The company’s net sales view assumes Home & Outdoor net sales growth of 19-21%, including $180-$185 million sales from Osprey. Further, management expects Health & Wellness net sales growth of negative 1% to rise to the 1% range. Beauty Core business sales are anticipated to increase 4.5-7.5%, including sales worth $30-$35 million from Curlsmith.

The company expects consolidated adjusted earnings per share (EPS) in the range of $12.73-$13.03. This indicates the consolidated adjusted EPS advancement of 3.0%-5.4% and the Core adjusted EPS increase of 4.5%-7.0%. This includes 50-55 cents and 20-25 cents contributions from Osprey and Curlsmith, respectively. Management expects most of its net sales and adjusted EPS growth to be concentrated around the second and third quarters of fiscal 2023, mainly due to higher retailer orders in the fourth quarter of fiscal 2022, tough comparisons with the first and fourth quarters of fiscal 2022 and the adverse impact of the EPA matter on the second and third quarters of fiscal 2022.

The fiscal 2023 guidance assumes that the severity of the cough/cold/flu season will stay in line with pre-pandemic historical averages. It further expects currency exchange rates to remain constant at the April 2022 level for the entire year. Further, it includes the net favorable impacts of the EPA matter on net sales and adjusted EPS to the tune of around $10 million and 10 cents, respectively. The company projects increased after-tax inflationary cost pressure in the band of $75-$80 million for fiscal 2023. This implies the $3.10-$3.30 band of adjusted EPS.

Shares of this Zacks Rank #3 (Hold) company have rallied 5% in the past three months against the industry’s 17.9% decline.

Looking for Consumer Staple Stocks? Check These

Some better-ranked stocks are Sysco Corporation SYY, McCormick & Company MKC and Inter Parfums IPAR.

Sysco, which engages in the marketing and distribution of various food and related products, carries a Zacks Rank #2 (Buy) at present. Shares of Sysco have jumped 12.9% in the past three months. You can see the complete list of today’s Zacks #1 Rank (Strong Buy) stocks here.

The Zacks Consensus Estimate for Sysco’s current financial-year sales and EPS suggests growth of 30.4% and 120.1%, respectively, from the year-ago reported number.

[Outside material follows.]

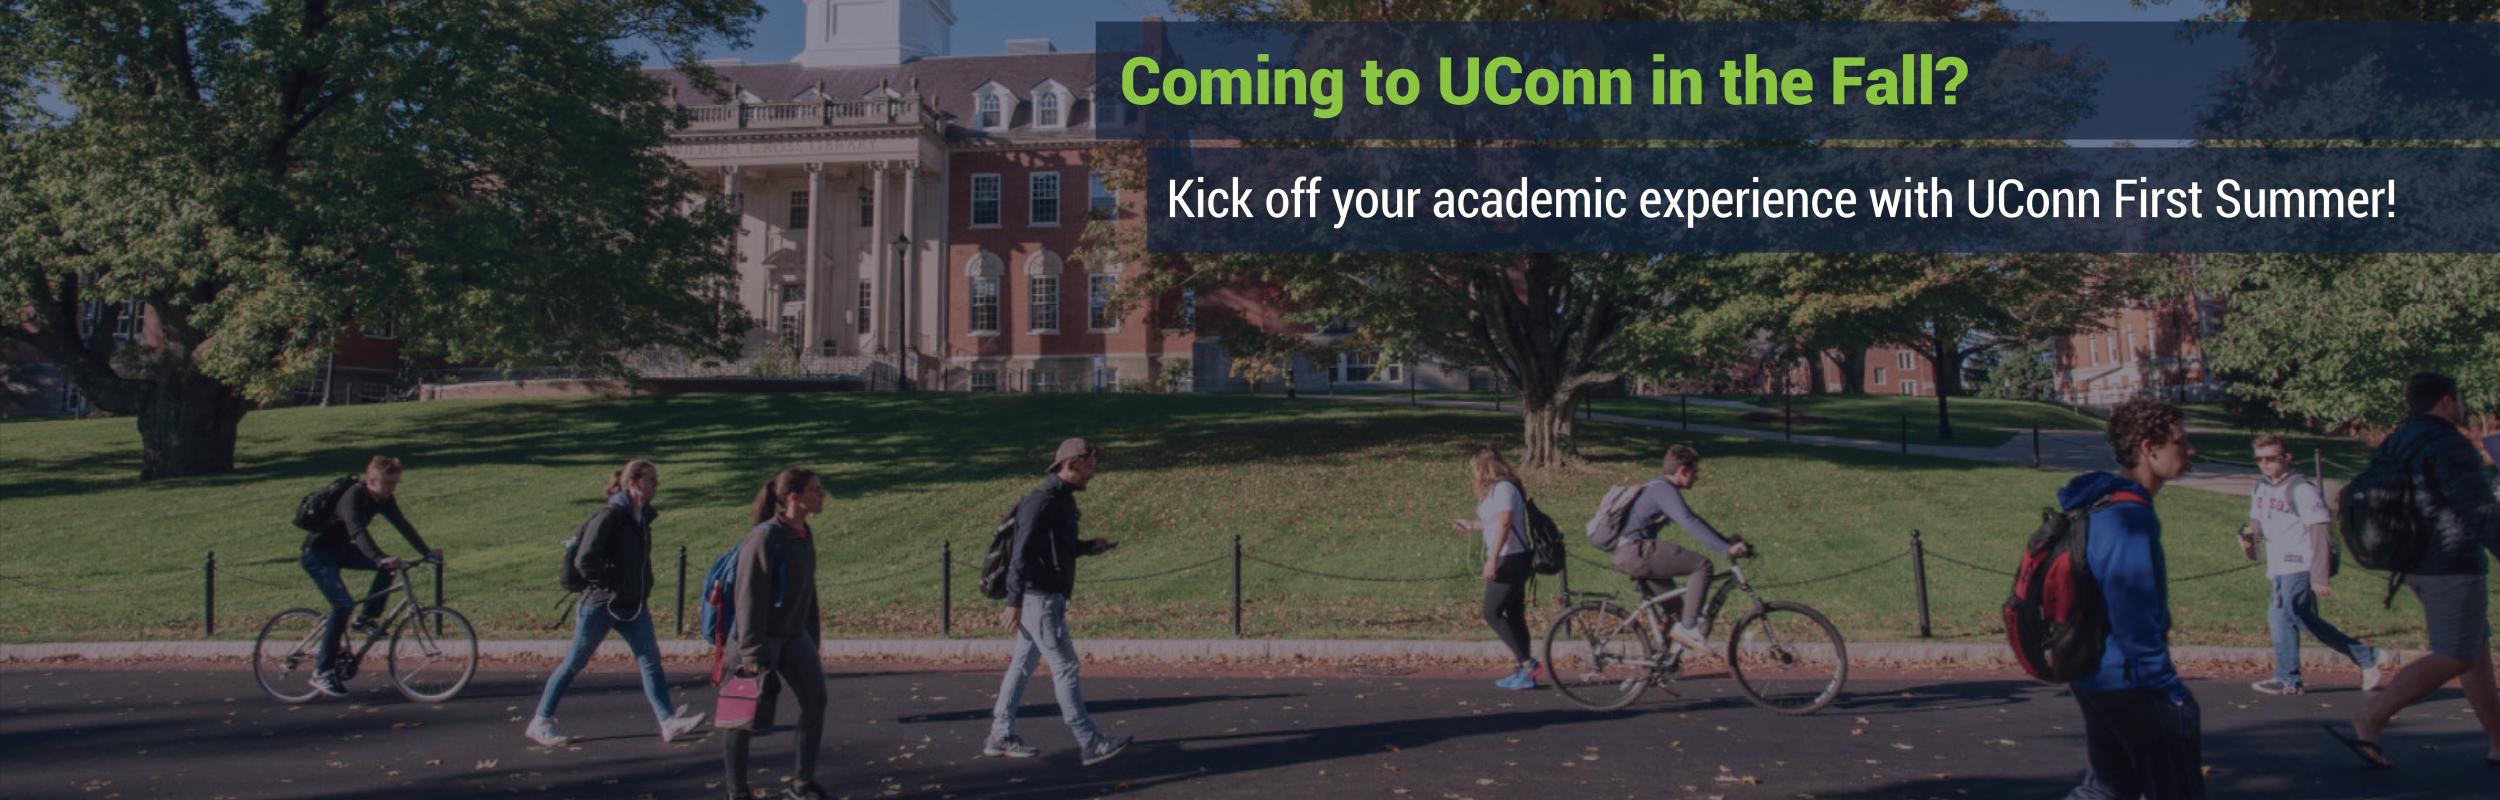 UConn First Summer: Ad

SYY has a trailing four-quarter earnings surprise of 3.7%, on average.

McCormick, the manufacturer, marketer and distributor of spices, seasoning mixes and condiments, currently carries a Zacks Rank #2. Shares of McCormick have risen 2% in the past three months.

The Zacks Consensus Estimate for McCormick’s current financial-year sales and EPS suggests growth of nearly 5% and 3.9%, respectively, from the year-ago reported figure. MKC has a trailing four-quarter earnings surprise of around 1.3%, on average.

Inter Parfums, which manufactures, markets and distributes a range of fragrances and fragrance-related products, currently carries a Zacks Rank #2. Shares of Inter Parfums have dropped 17.4% in the past three months.

The Zacks Consensus Estimate for Inter Parfums’ current financial-year sales and EPS suggests growth of 12.5% and 10.3%, respectively, from the year-ago reported figure. IPAR has a trailing four-quarter earnings surprise of 46.7%, on average.